• Supplied material:
+-------+

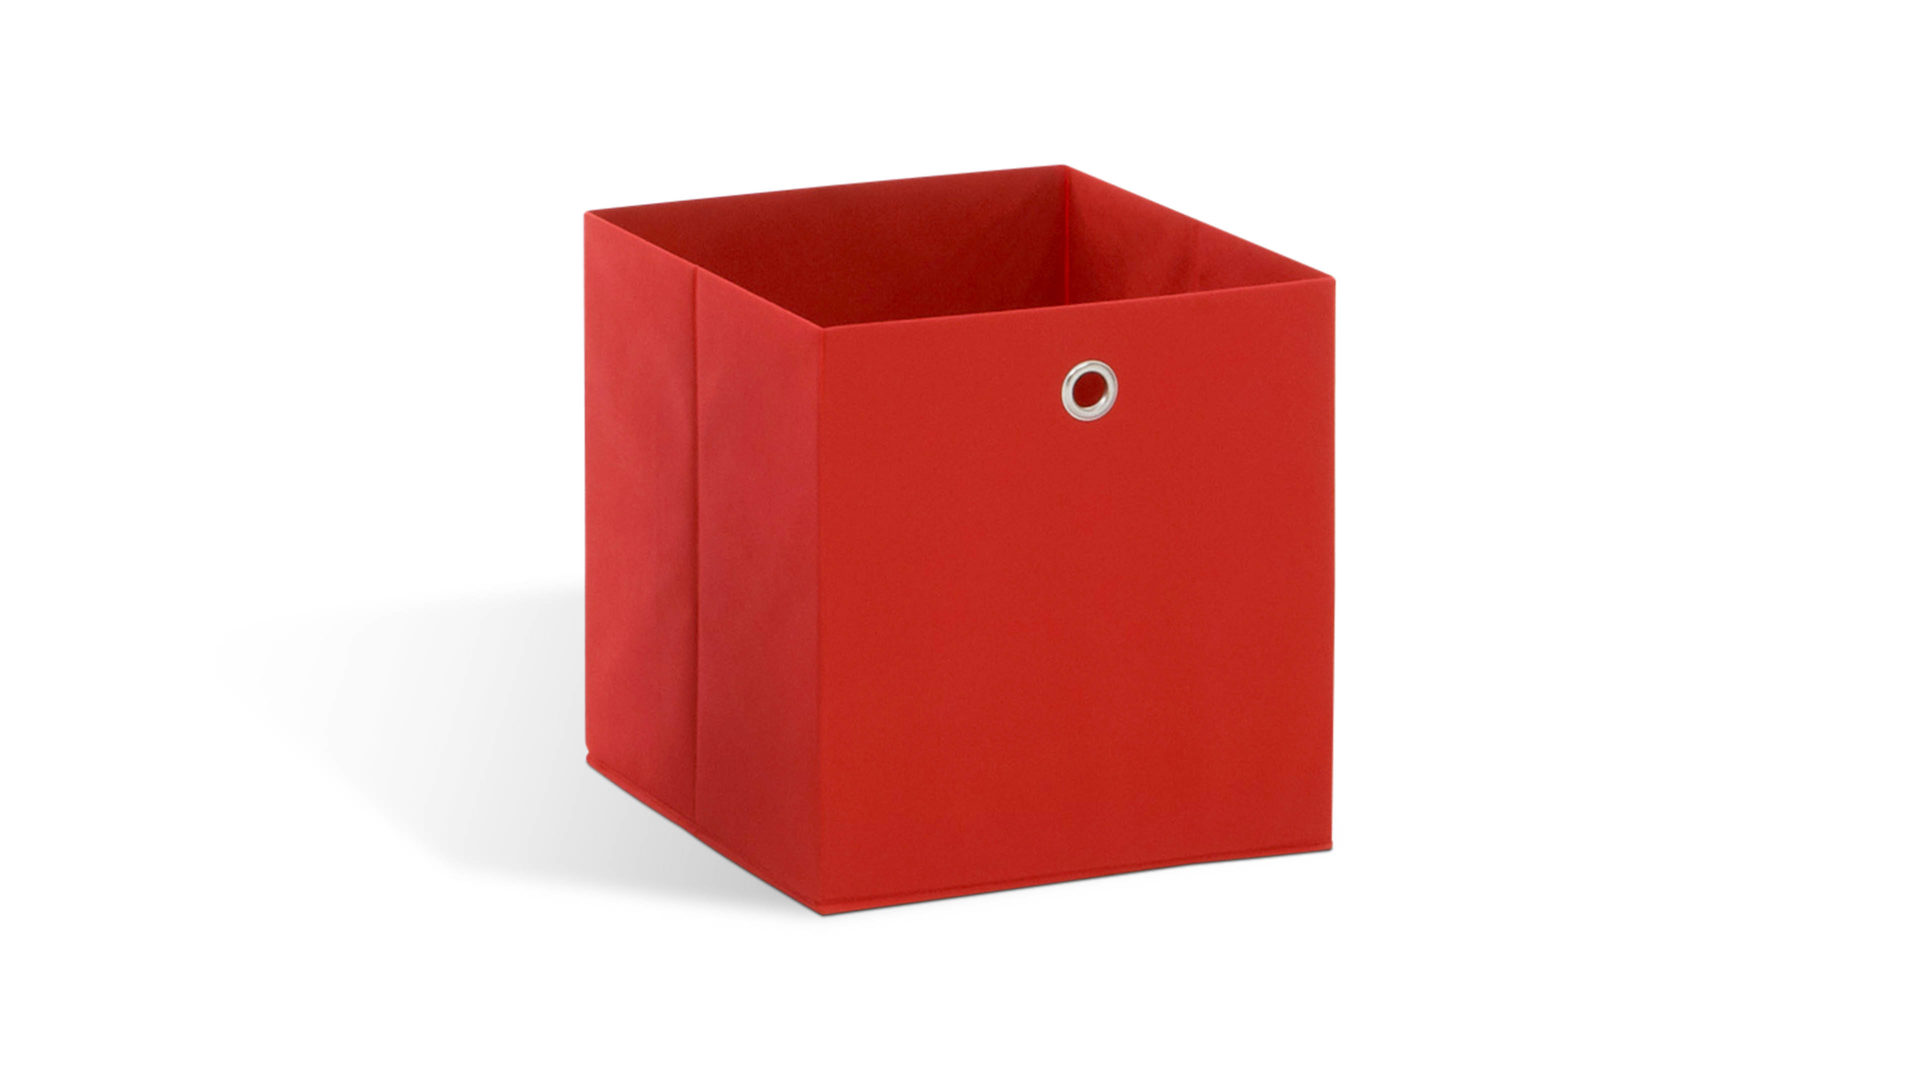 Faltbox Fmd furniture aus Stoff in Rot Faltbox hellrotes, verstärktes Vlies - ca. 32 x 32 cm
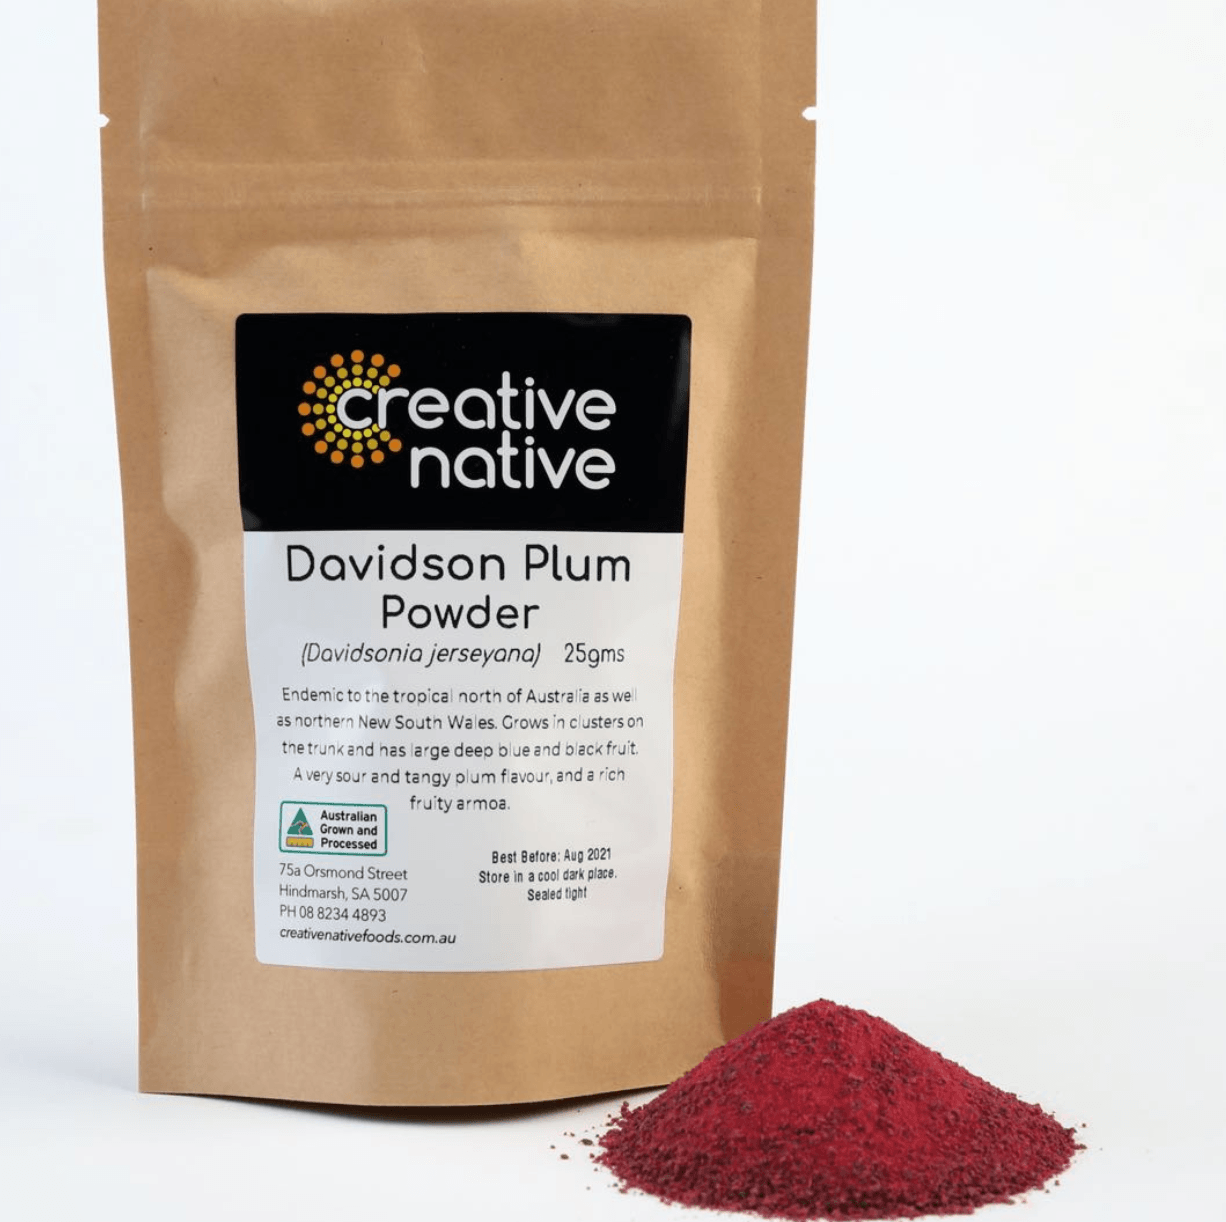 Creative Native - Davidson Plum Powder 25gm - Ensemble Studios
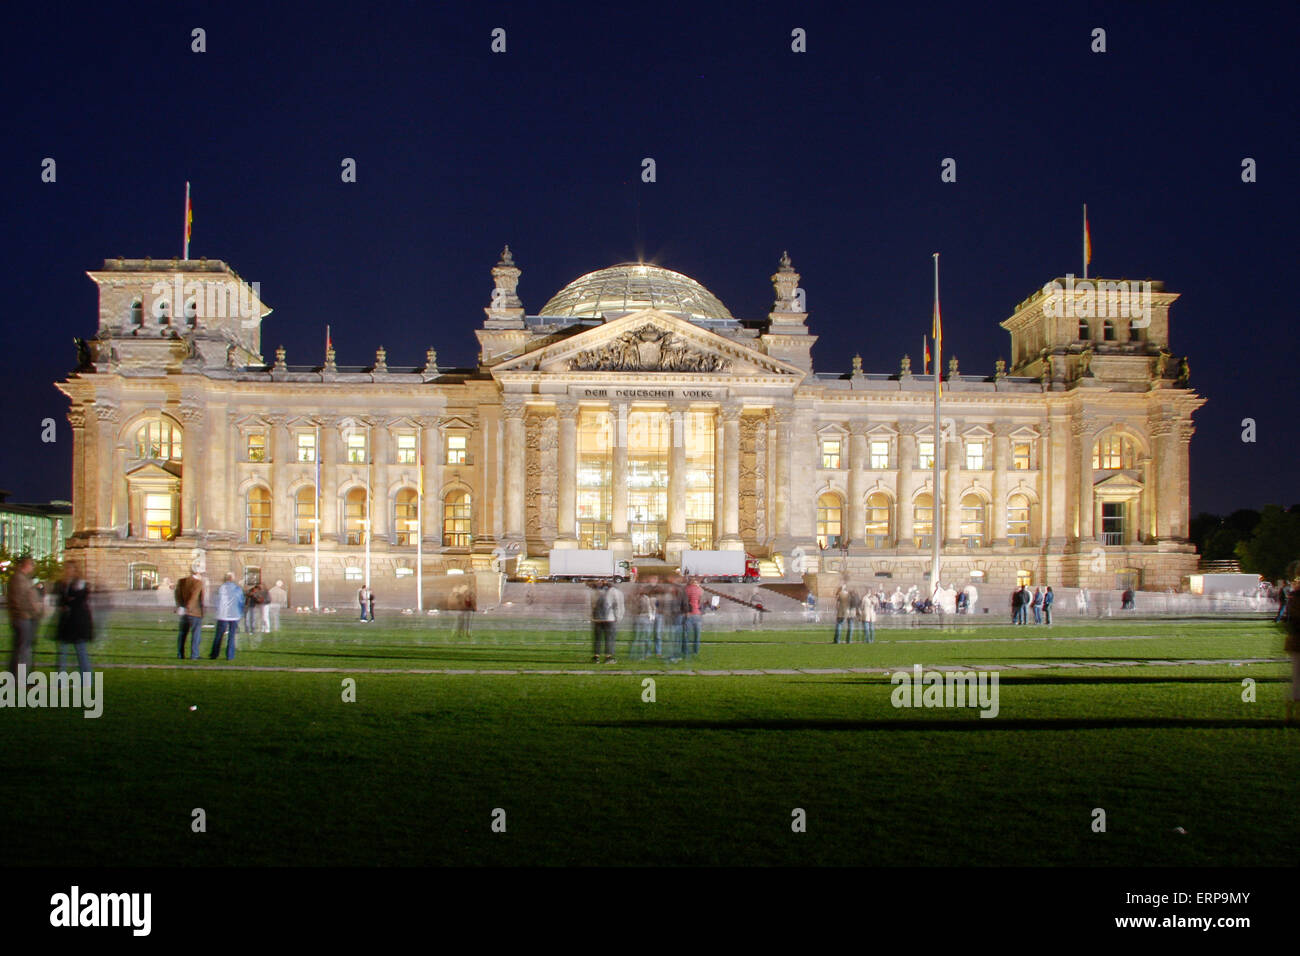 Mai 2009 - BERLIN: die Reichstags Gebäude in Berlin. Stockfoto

+-------+

• Exercise brief: Leave out the pictures. Transcribe the rest of the listing above exactly.

• Exercise solution:
 Faltbox Fmd furniture aus Stoff in Rot Faltbox hellrotes, verstärktes Vlies - ca. 32 x 32 cm
 Creative Native - Davidson Plum Powder 25gm - Ensemble Studios
 Mai 2009 - BERLIN: die Reichstags Gebäude in Berlin. Stockfoto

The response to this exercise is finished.